Predicting cancer with swarm-learning without exposing personal data

Artificial intelligence can predict the presence of molecular alterations directly from routine histopathology slides.

Share

Published on May 6, 2022

by Pritam Bordoloi

Around 10 million cancer deaths were reported in 2020. In the same year, an estimated 19.3 million new cancer cases were registered, according to the Global Cancer Statistics 2020 report. In India, around 50 percent of deaths are due to late diagnosis.

Early detection can prevent a lot of cancer deaths. The AI models trained on large datasets comprising X-ray scans, test results and reams of medical literature have made early detection of cancer possible in many cases. However, the data used to train such models contain personally identifiable information, and a data breach could have serious ramifications.

Artificial intelligence can predict the presence of molecular alterations directly from routine histopathology slides. However, training robust AI systems requires large datasets for which data collection faces practical, ethical and legal obstacles. These obstacles could be overcome with swarm learning (SL), in which partners jointly train AI models while avoiding data transfer and monopolistic data governance.

Right on cue, a team of scientists has developed a novel AI technique for cancer detection without putting the personal information of the patients in danger. The research paper called, ‘Swarm learning for decentralised artificial intelligence in cancer histopathology’ claimed AI can help extract a wealth of clinically relevant data from digitised histopathology images without disclosing the information from hospitals.

The methodology

The research involves using the swarm-learning (SL) system to predict cancer by studying medical images of patient tissues. The researchers used the technique to teach the AI algorithms to spot patterns in data, such as genetic changes in human tissue.

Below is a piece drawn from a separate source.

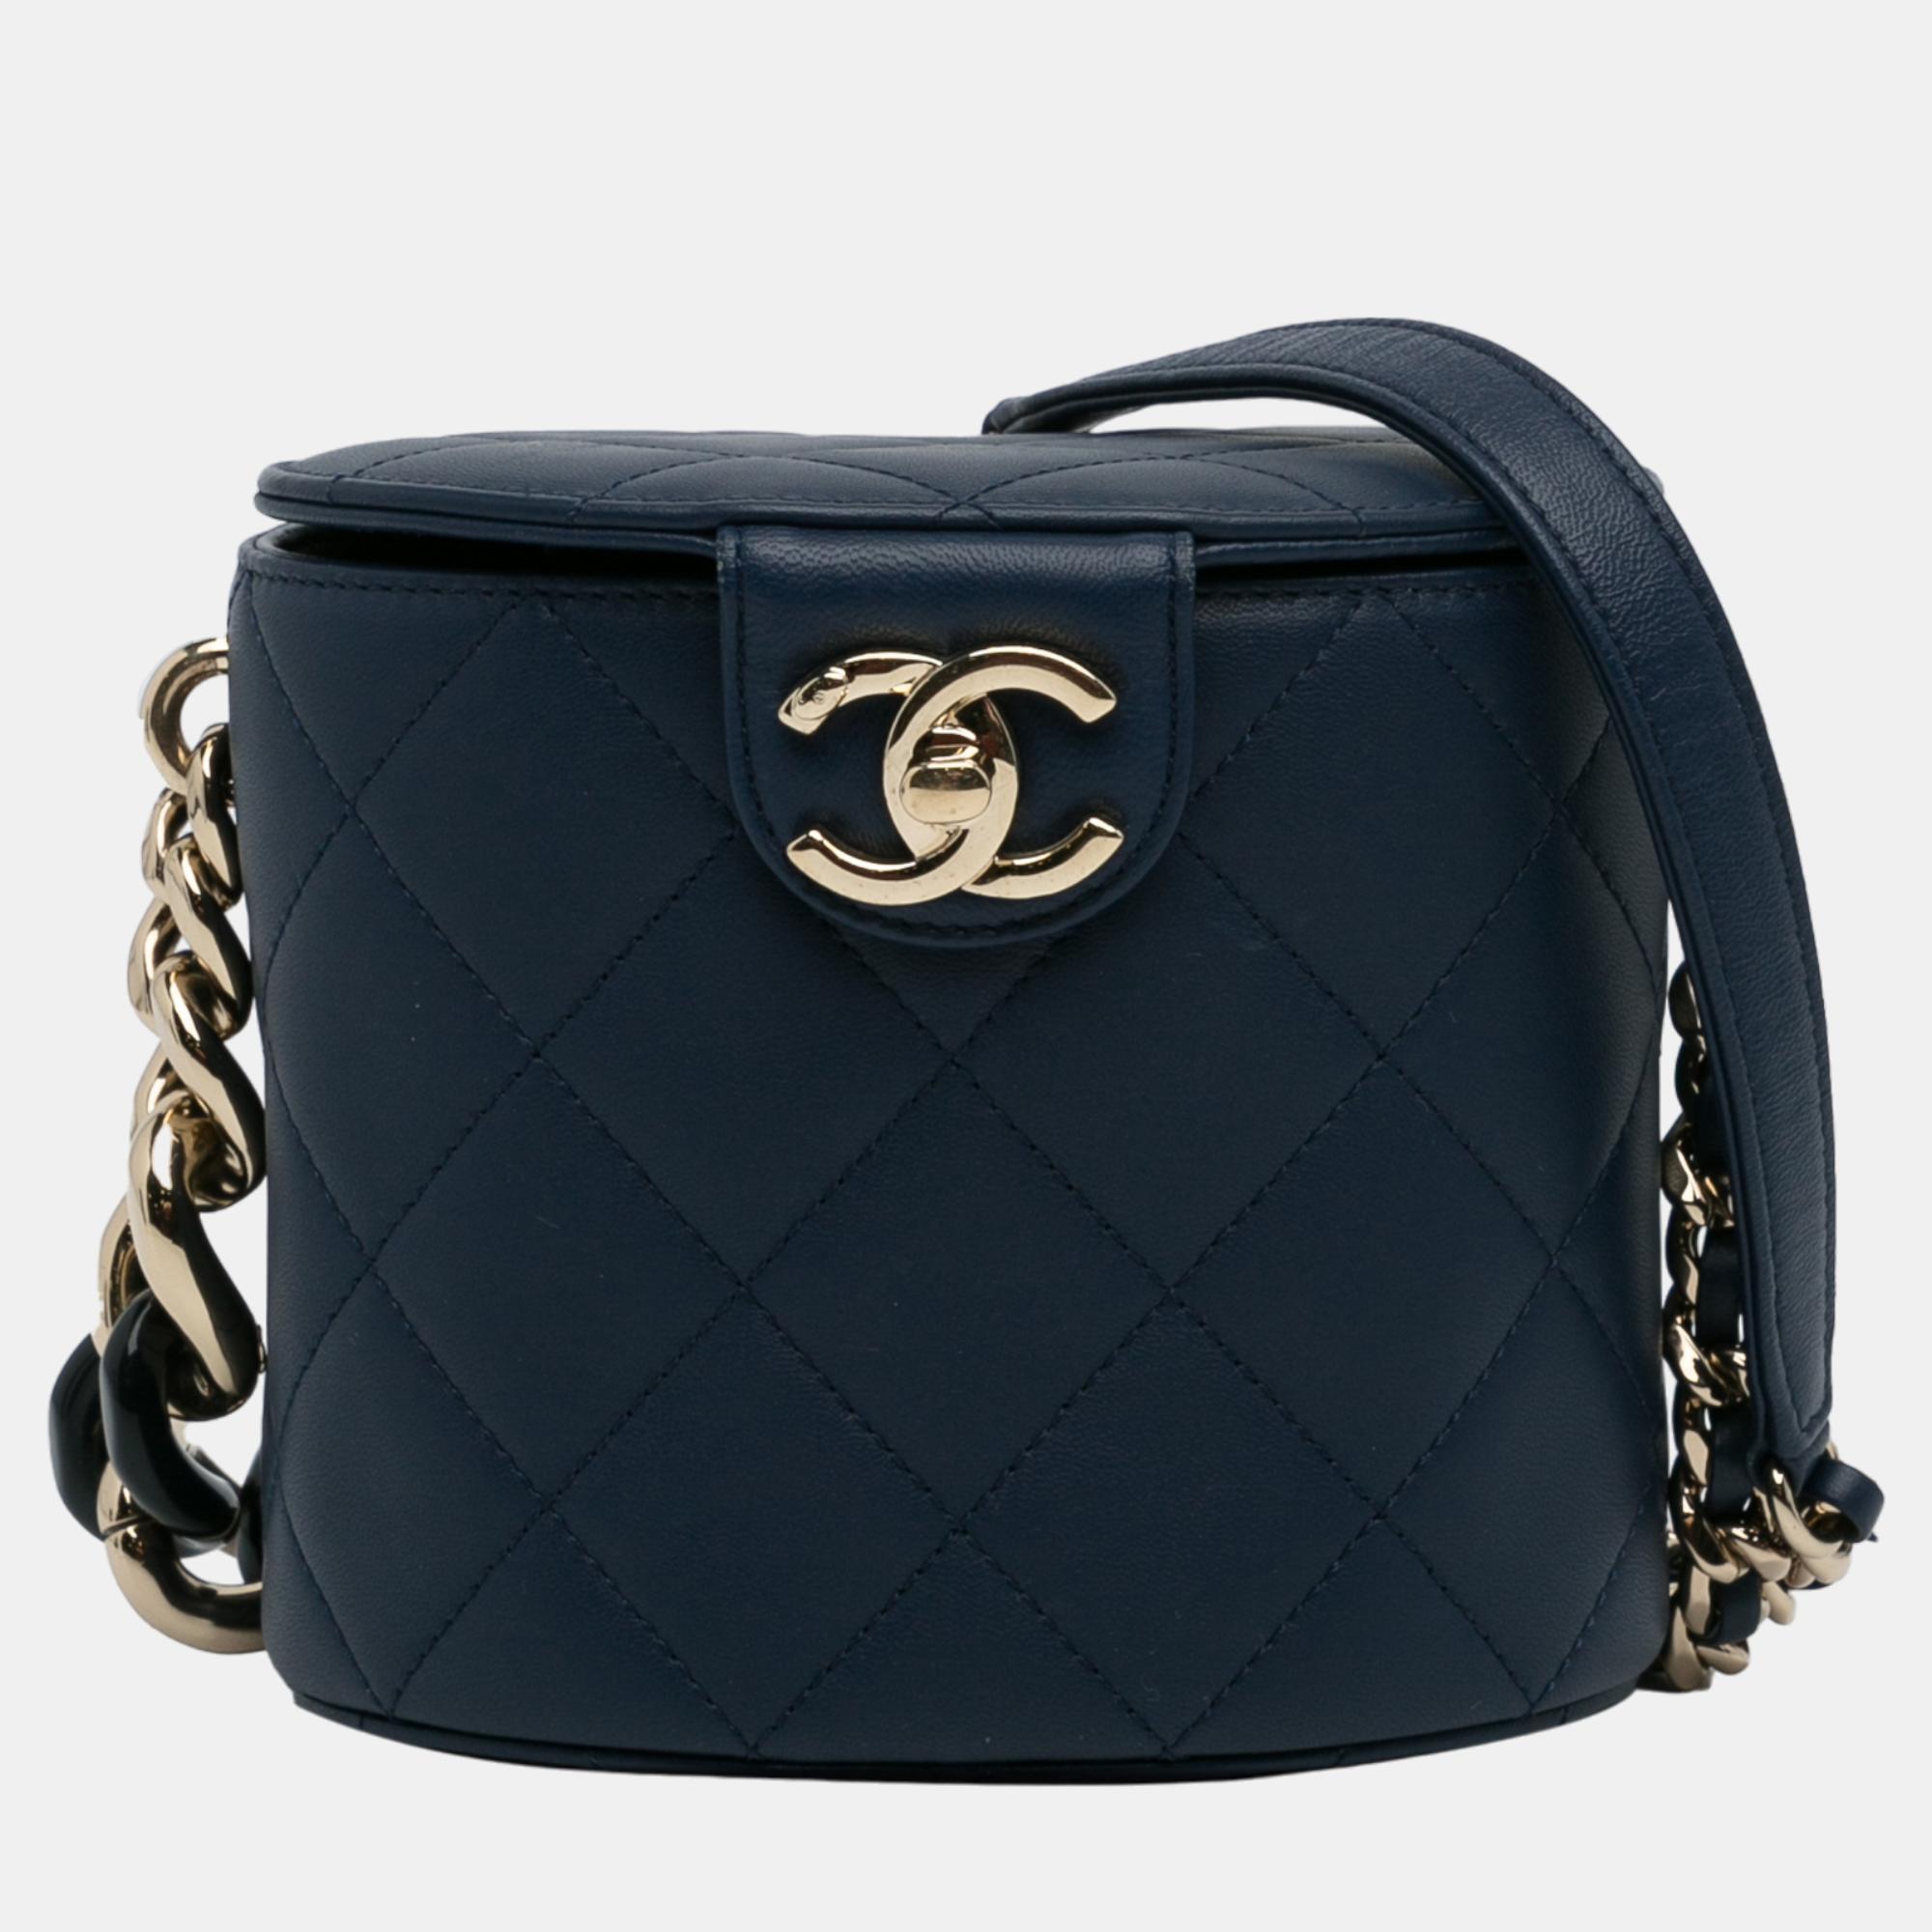 Chanel navy blue cc round vanity bag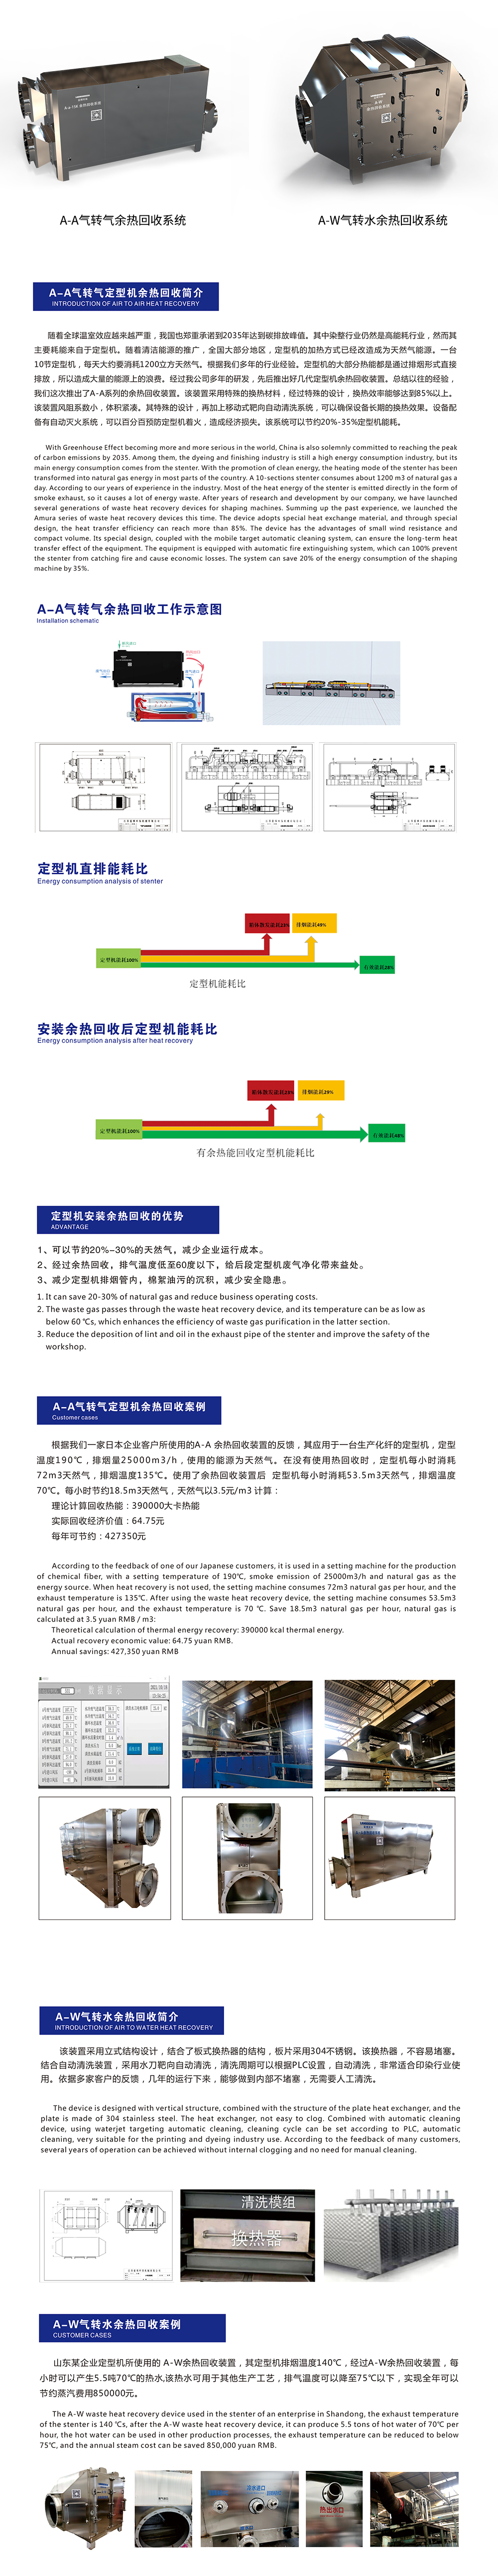 Setting machine energy management system(图1)

The swarm learning system then send the newly trained algorithm to a central computer, without exposing any personal data of the patient. The next step is to merge with similar algorithms created in other hospitals to develop an optimised algorithm. The information is then relayed to local hospitals, where it is compared to the original data to detect genetic mutations. The same process is repeated multiple times to improve the algorithm. This allows the algorithm to work without releasing any crucial data to third parties.

Outcome

AI models trained using SL can predict BRAF mutational status and microsatellite instability from hematoxylin and eosin (H&E)-stained pathology slides of colorectal cancer. The researchers trained AI models on three patient cohorts from Northern Ireland, Germany and the US, and validated the prediction performance in two independent datasets from the UK.

Swarm learning-based AI models outperformed most locally trained models. Further, it performed on par with models trained on merged datasets. The researchers demonstrated that SL-based AI models are data efficient.

According to a Critical Insight report, data breaches increased by 84 percent between 2018 and 2021. During the same period, the number of individuals affected has also tripled from 14 million in 2018 to 45 million in 2021. Given the rapid advancement of AI and its application in healthcare, a lot of hospitals and companies will have access to swathes of critical healthcare data.

(Source: Critical Insight)

IBM’s Cost of a Data Breach Report 2021 revealed that the global average total cost of healthcare data breaches stood at USD 4.24 million.

(Source: IBM)

Such breaches have necessitated the need for such models. In the near future, SL can be used to train distributed AI models for any histopathology image analysis task, eliminating the need for data transfer research, where protecting confidential data has become pivotal.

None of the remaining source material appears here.